Can a quadrilateral with four not coplanar points have four right angles?

Question

Can all of its angles be 90°? My guess is yes, but I can't properly prove it

Answer 1

Let $ABCD$ your "quadrilireral".

Thus, $\measuredangle ABD=\measuredangle BCD=90^{\circ}$, but $AB$ and $CD$ are not coplanar.

Now, there are unique planes $\alpha$ and $\beta$ such that $\alpha||\beta$, $AB\subset \alpha$ and $CD\subset \beta$.

Now, if $\measuredangle BAD=\measuredangle ADC=90^{\circ}$ then $AD\perp \alpha$, which says $AD||BC$, which is a contradiction.

Answer 2

Consider the quadrilateral $ABCD$ with four right-angles. The diagonal $AC$ subtends angles of $90^{\circ}$ at $B$ and $D$ so the points lie on a sphere centre the midpoint of $AC$. Similarly they lie on a sphere centre the midpoint of $BD$, whence the midpoints coincide.

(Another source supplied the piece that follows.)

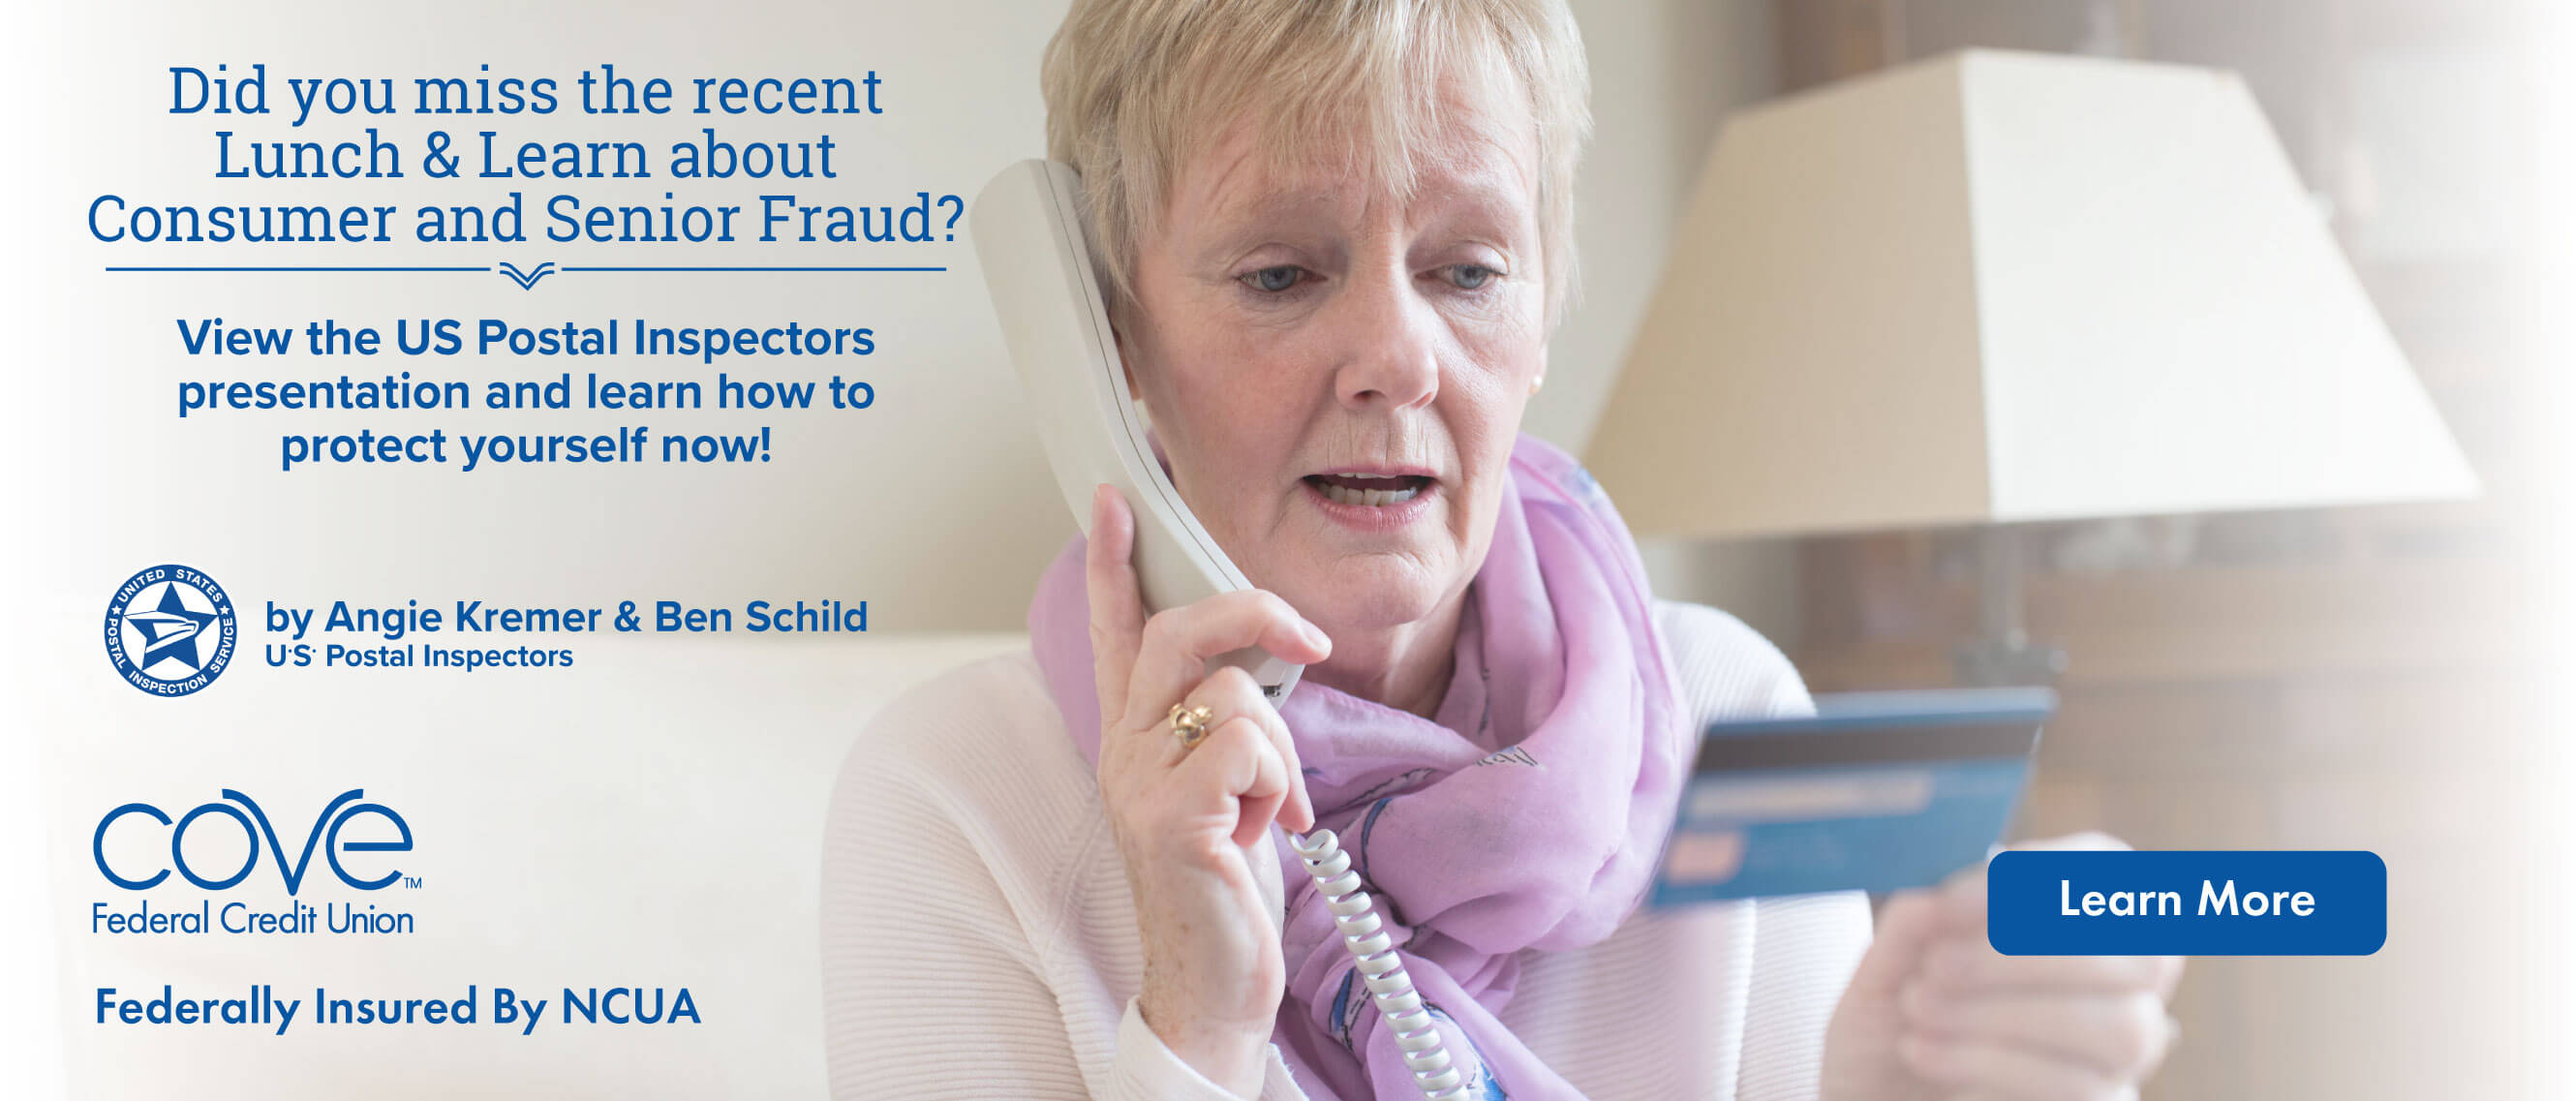 Learn About Consumer and Senior Fraud. View the US Postal Inspectors presentation and learn how to protect yourself now!

Thus the diagonals bisect each other, and in particular lie in the same plane, whence their endpoints, the vertices of the quadrilateral, lie in the same plane.

Answer 3

Its simply not possible. Consider $ABC$ figure where $AB = BC = a$ and $AB \perp BC$. Then we draw two circles perpendicular to plane of $ABC$ centred at $A$ and $C$ of radius $a$ (side length of square). These circles represent possible position for point $D$ of square.

Then we see these circles intersect only once! That too in plane of $ABC$. So here lies the fourth point, in plane of $ABC$